И вот тогда я вижу свет.
«Окно жизни» освещено.
Почему-то я знаю, что тут все связано: «БМВ», маленькая машина, мертвый мужчина, ребенок.
Потому что там есть ребенок.
Я иду к «окну жизни», словно в замедленной съемке. Ребенок спит, сосет пальчик. За ним еще не пришли. Почему никто не пришел за ребенком?
Я вдруг понимаю, почти безотчетно, что у меня в руках монтировка. Почти безотчетно открываю дверцу. Это несложно. Я беру ребенка на руки, и он весь светится, как звезда. Она светится, как звезда.
Пребудь со мной, уж меркнет свет дневной,
Густеет мрак. Господь, пребудь со мной!
Когда лишусь опоры я земной,
О Бог всесильный, Ты пребудь со мной. [1]
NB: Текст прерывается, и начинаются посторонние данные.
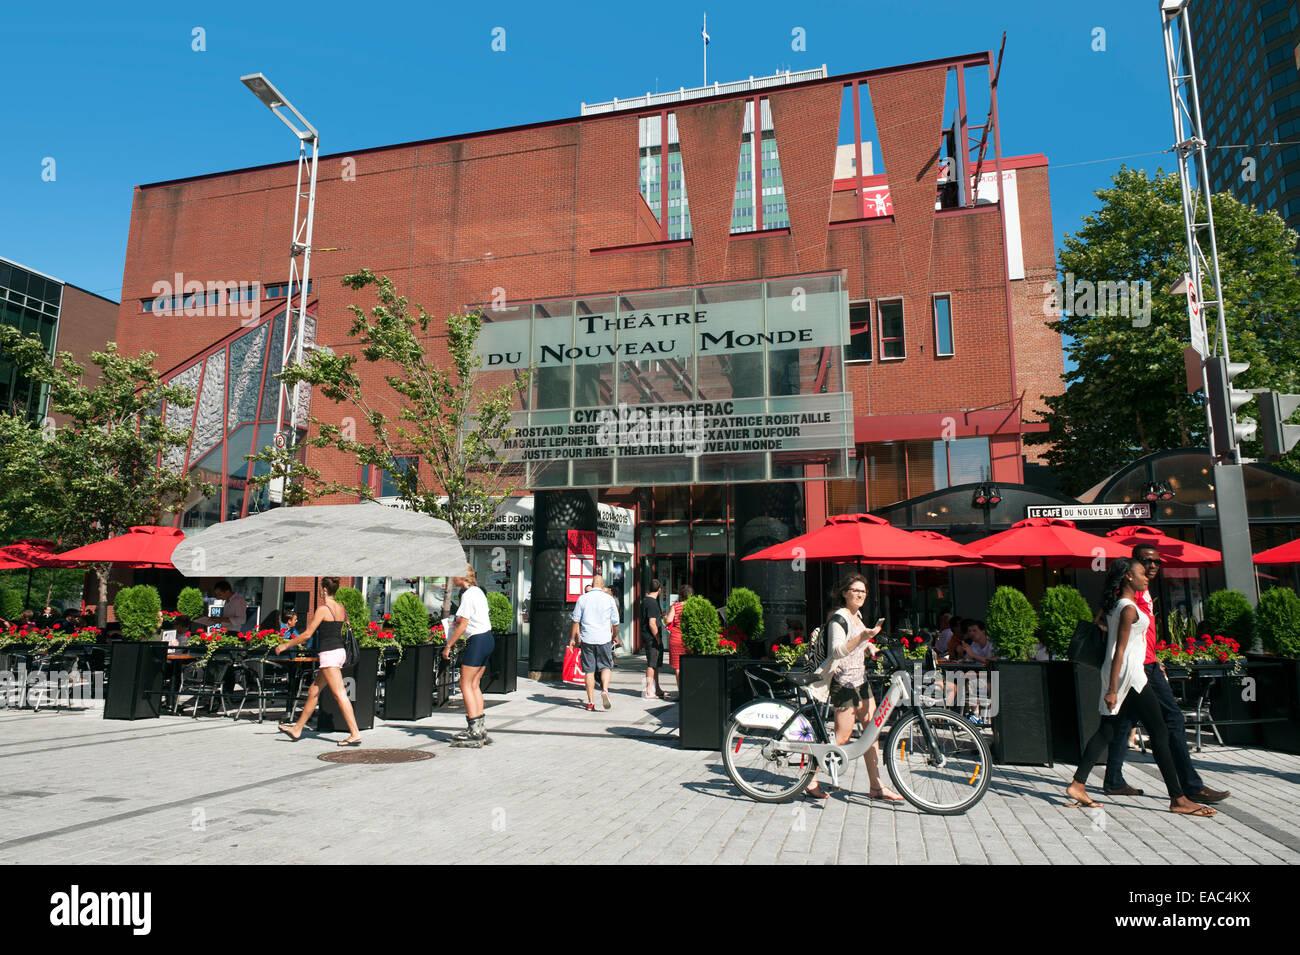 Théâtre du Nouveau Monde, Montreal, province of Quebec, Canada. - Stock Image
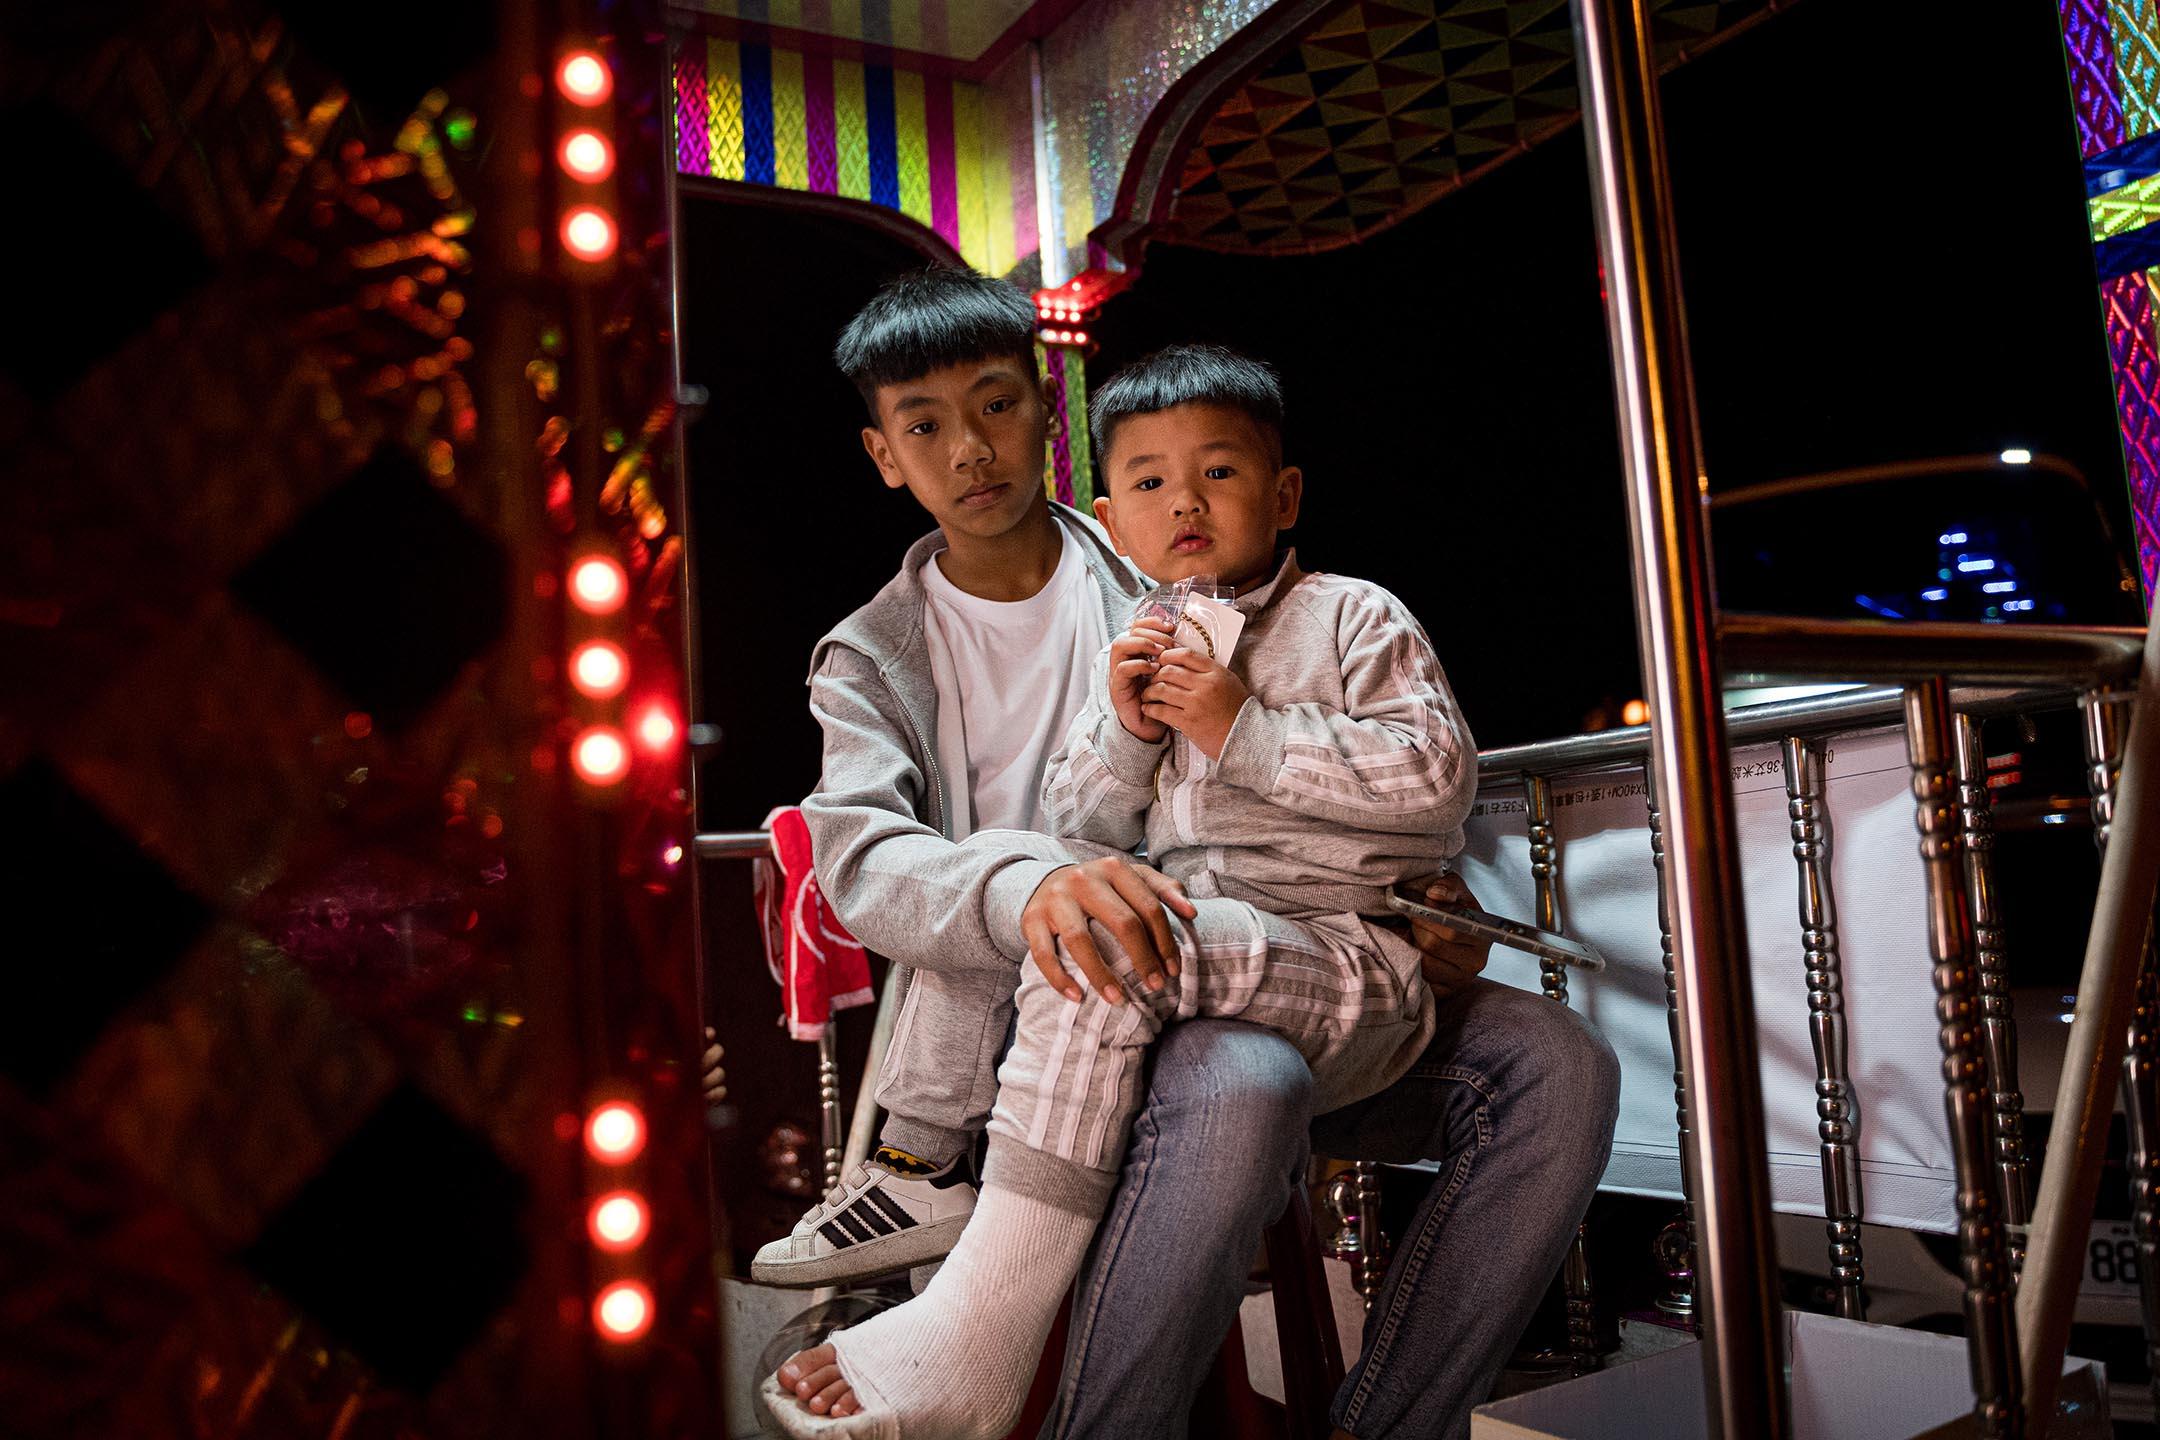 媽祖進香途中,各周邊交好廟宇宮壇會出「陣頭」或邀請傳統戲團共襄盛舉。圖為一對兄弟坐在表演花車上。

Сегодня утром церковь переполнена. Нас собралось около двух тысяч. Наводнение никому не помешало прийти. Пастор говорит: « Большие воды не могут потушить любви, и реки не зальют ее» [2].
Это из Песни Песней царя Соломона. Мы поем то, что знаем.
Церковь Божественного Завета начиналась с лачуги, выросла в большой дом, а потом – в небольшой городок. В основном сюда ходят черные. Но и белые тоже. Белым труднее поверить в то, что у них есть, во что верить. Они цепляются за конкретику вроде семи дней Творения или воскресения Христа. Меня самого эти вопросы не мучают. Если Бога нет, то после смерти мне хуже не будет. Я просто умру. Если Бог есть… Да, я слышу, как вы говорите: «И где он, твой Бог?»